━━━━━ INPUT DATA

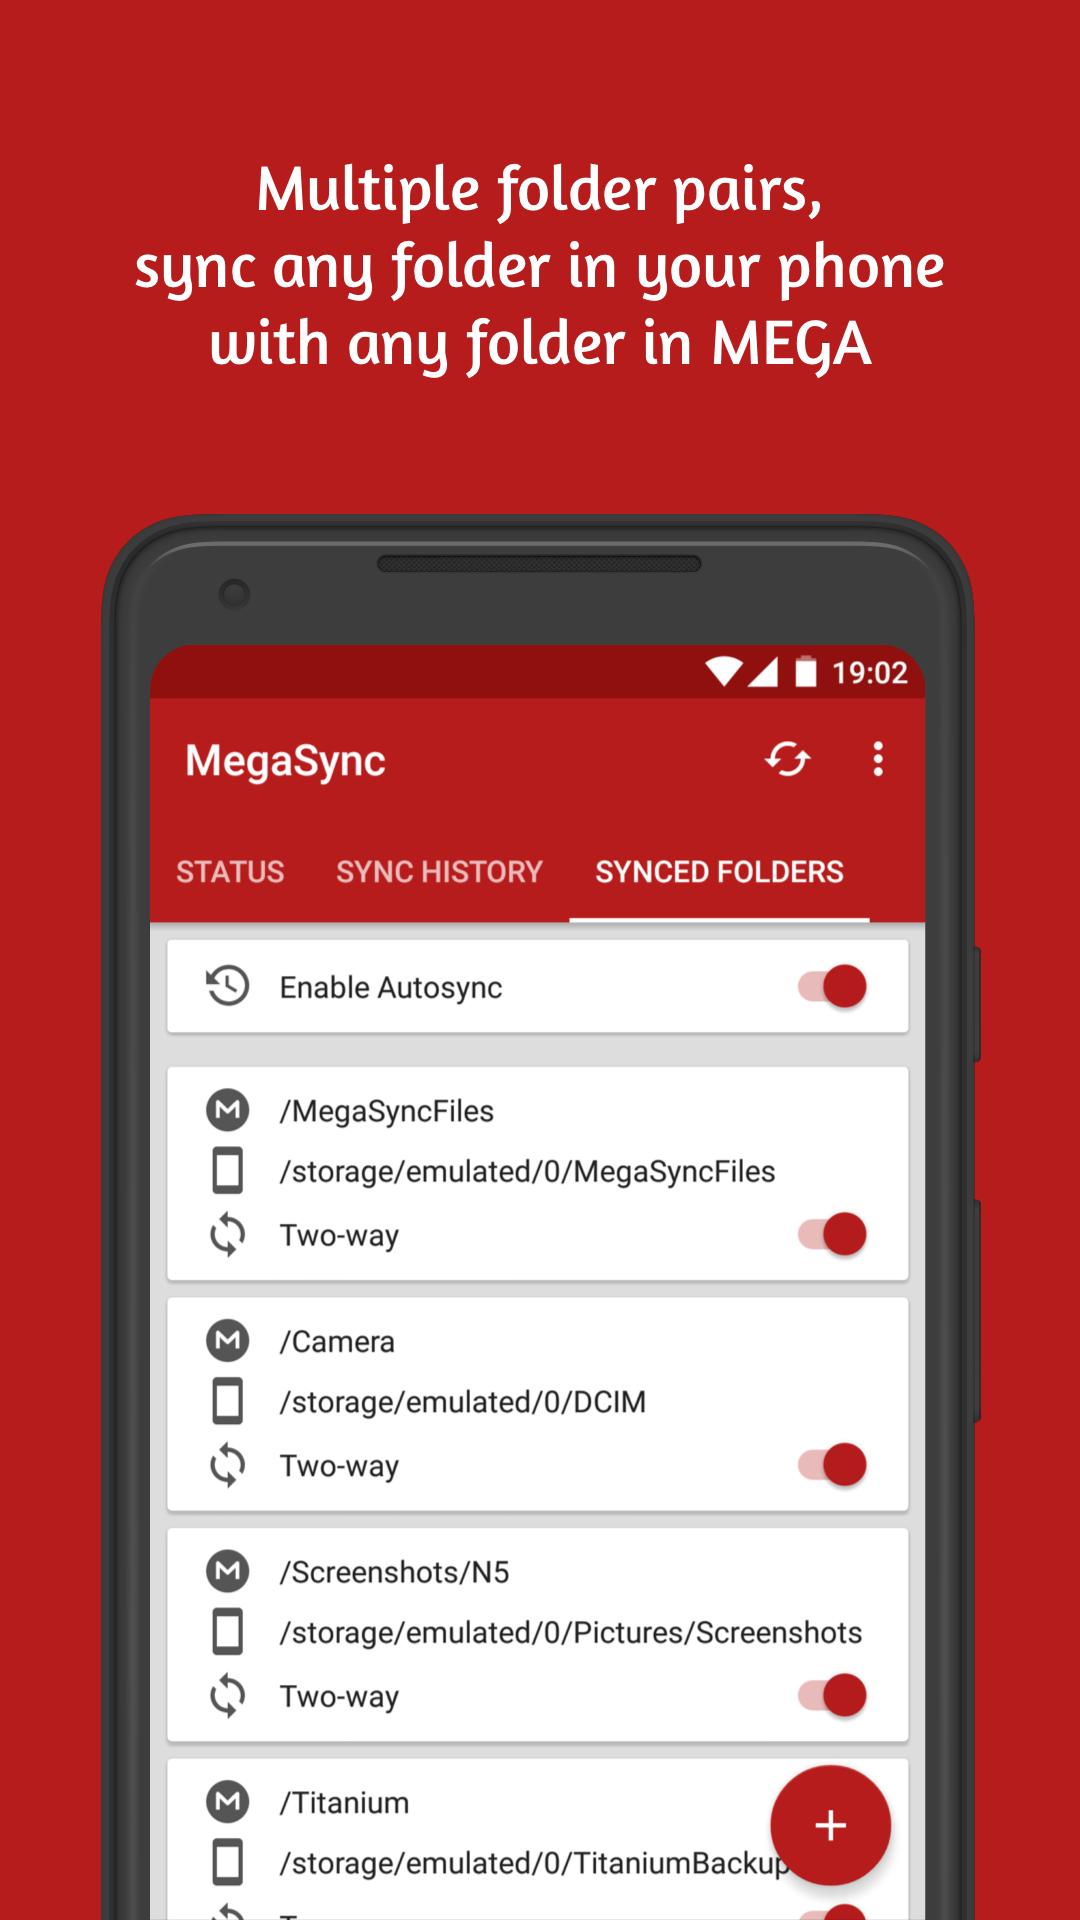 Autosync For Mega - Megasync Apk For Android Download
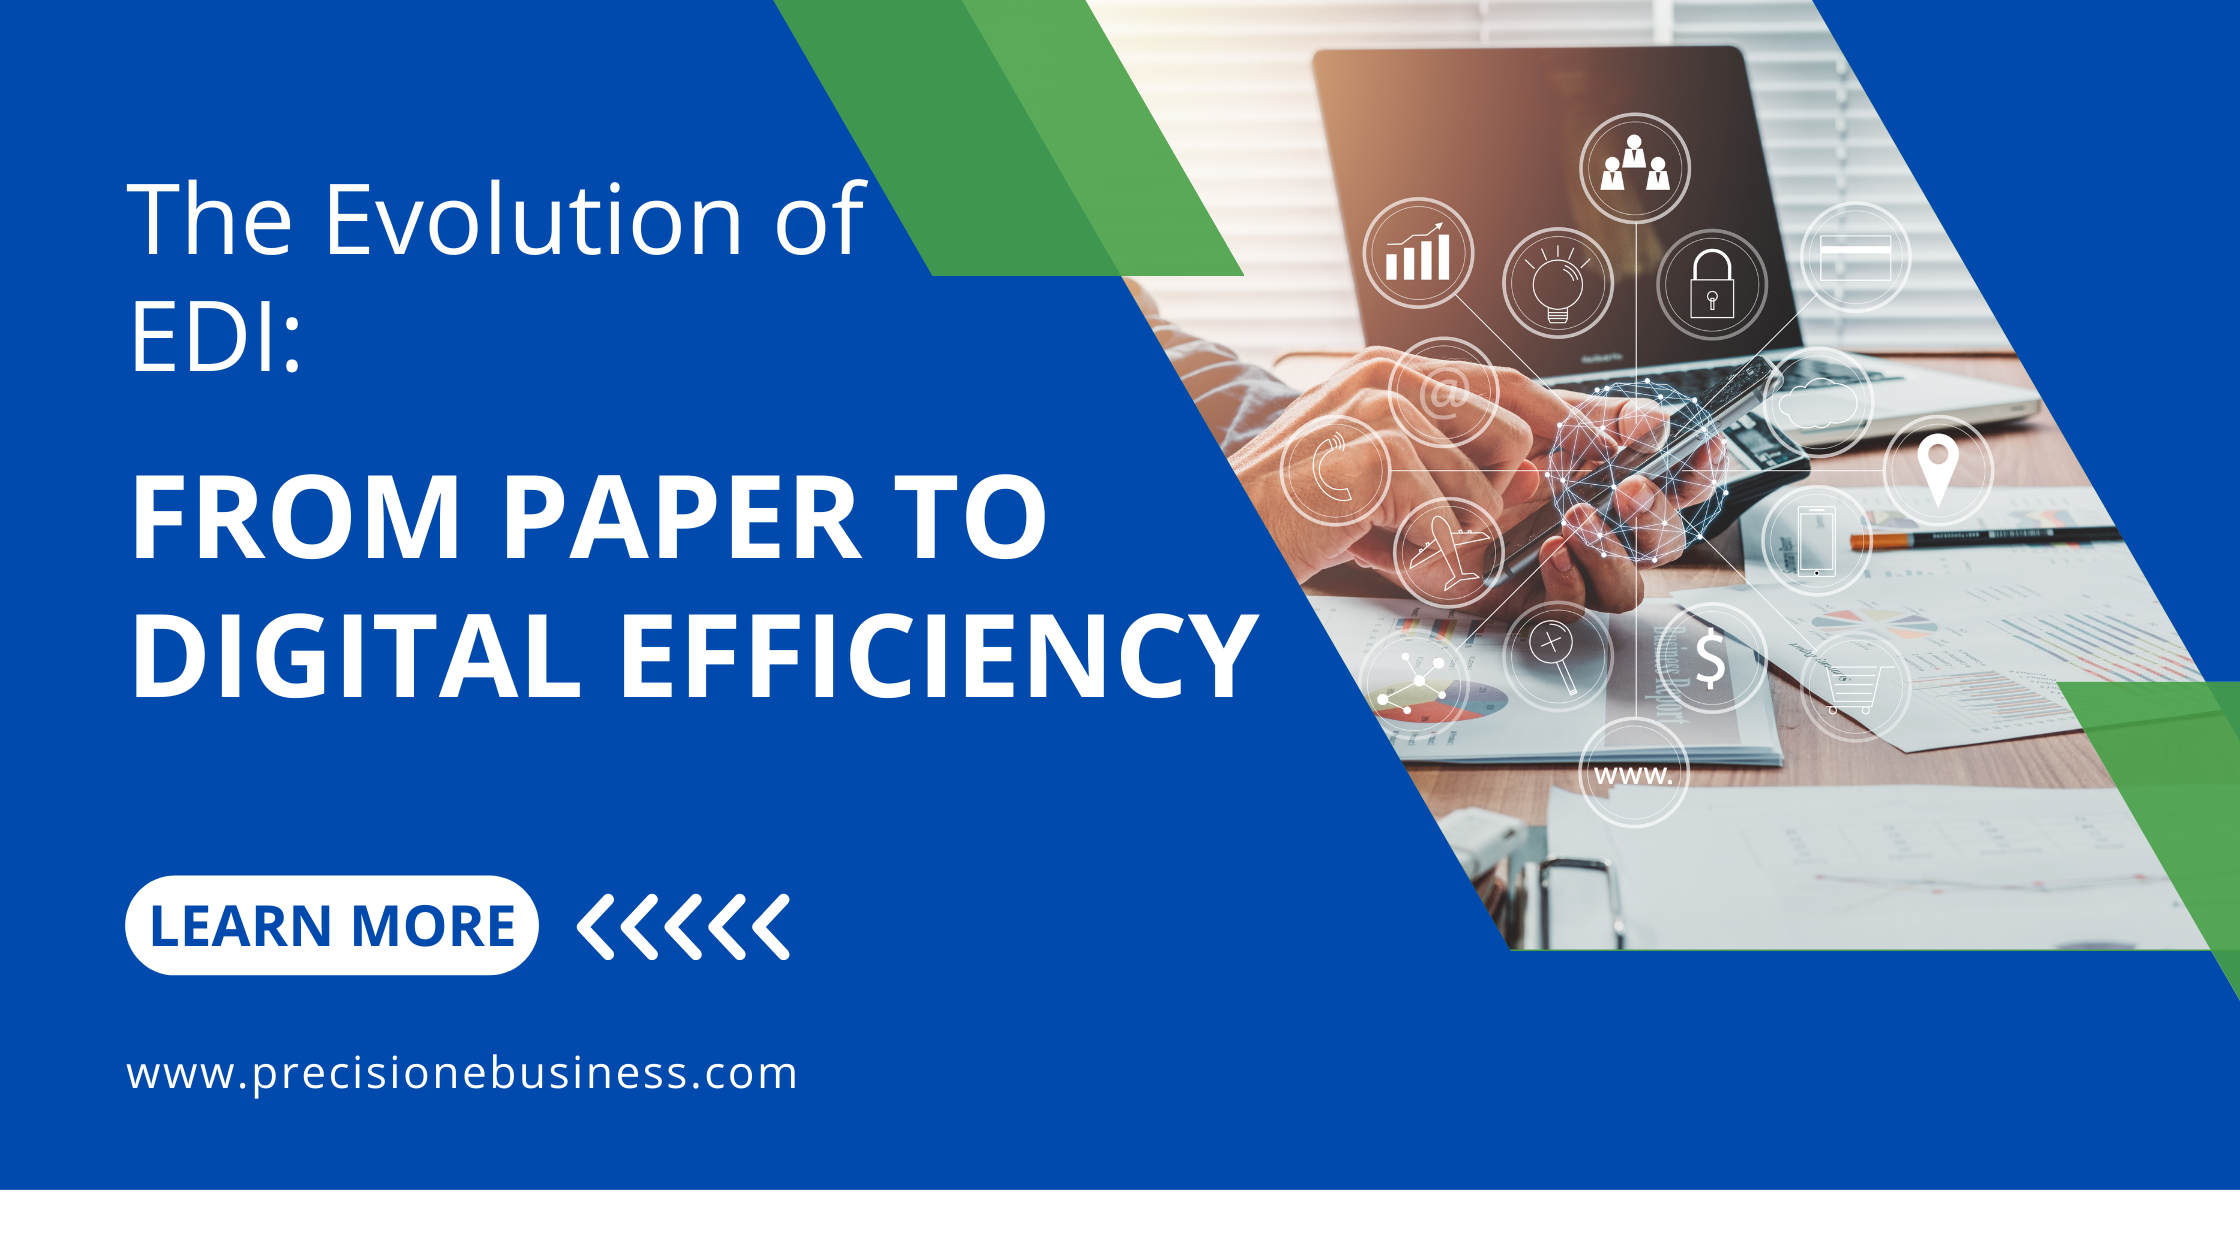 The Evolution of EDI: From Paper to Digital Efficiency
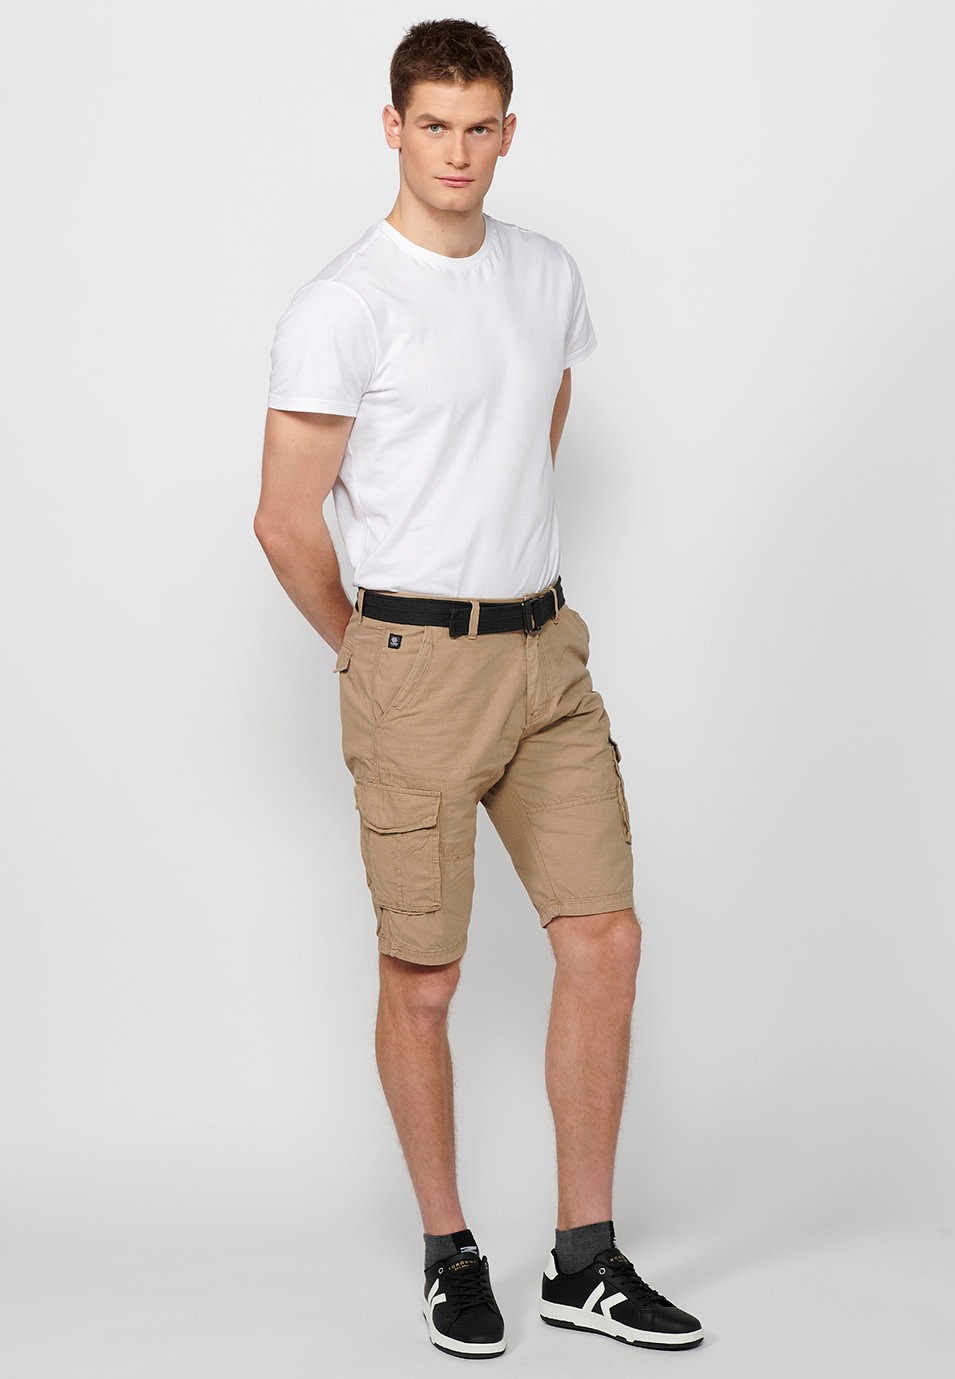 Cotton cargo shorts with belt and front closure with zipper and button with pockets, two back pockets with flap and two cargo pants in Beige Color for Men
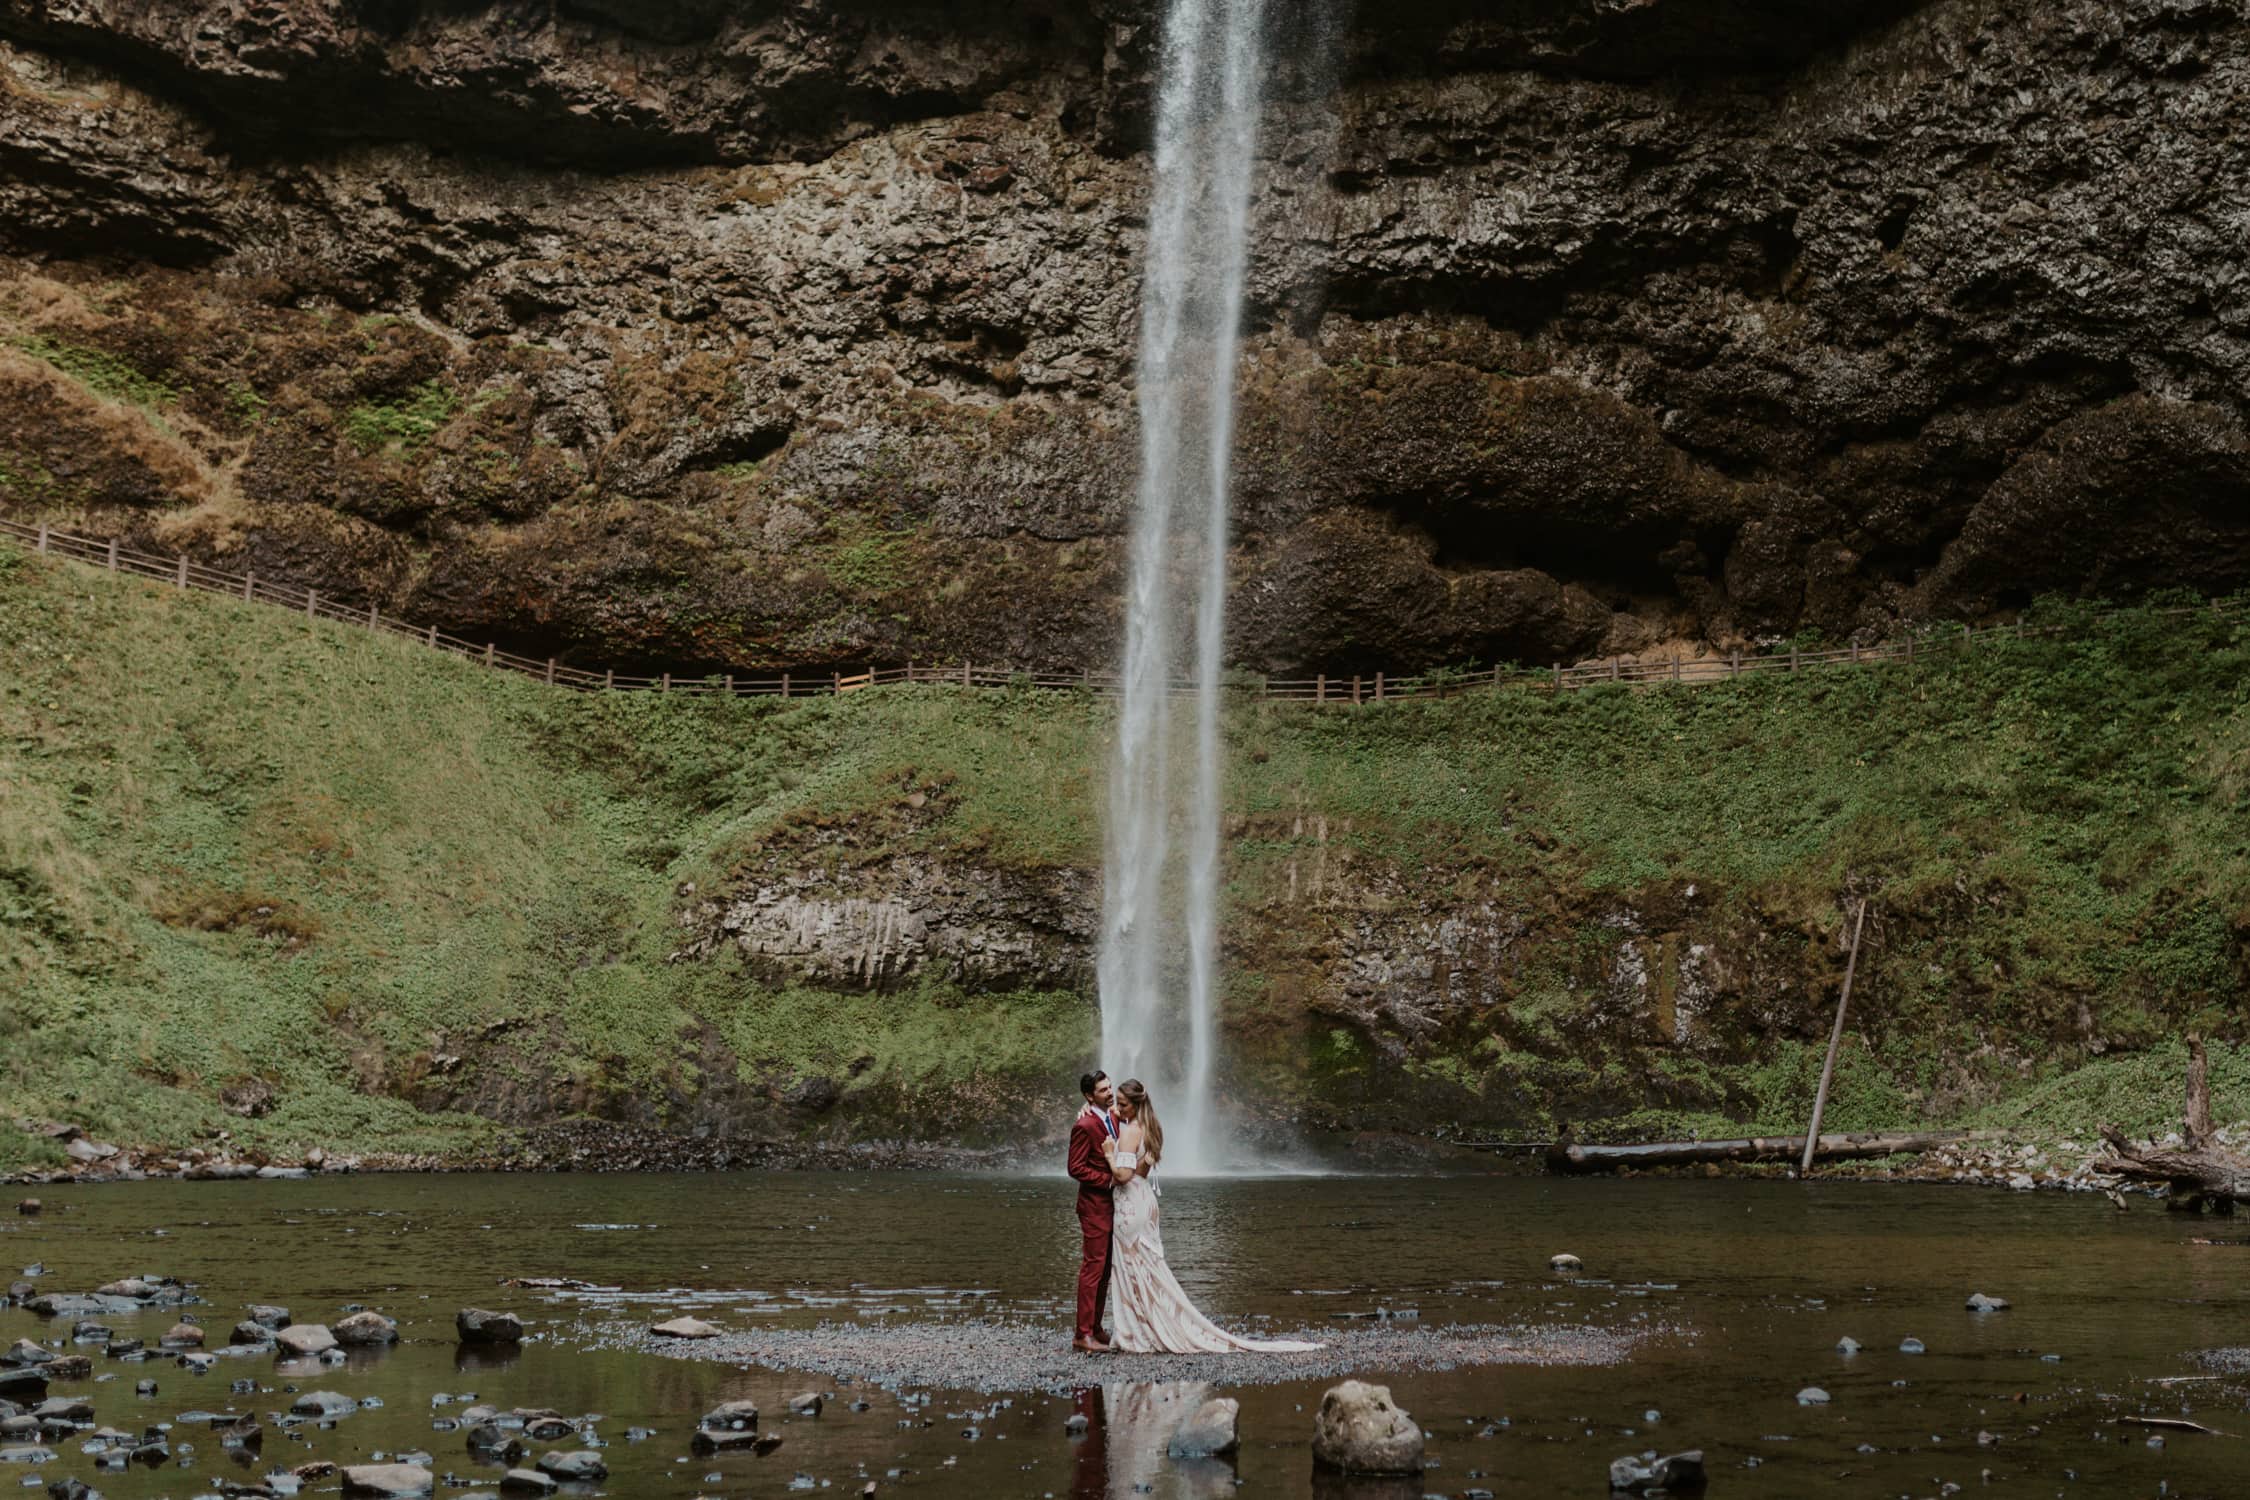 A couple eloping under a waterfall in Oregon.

━━━━━━━━━━

* **AIM OF THE EXERCISE**:
The response has to be an exact copy of all the data, pictures excluded.

* **TASK OUTPUT**:
 Autosync For Mega - Megasync Apk For Android Download
 The Evolution of EDI: From Paper to Digital Efficiency
 Cotton cargo shorts with belt and front closure with zipper and button with pockets, two back pockets with flap and two cargo pants in Beige Color for Men
 A couple eloping under a waterfall in Oregon.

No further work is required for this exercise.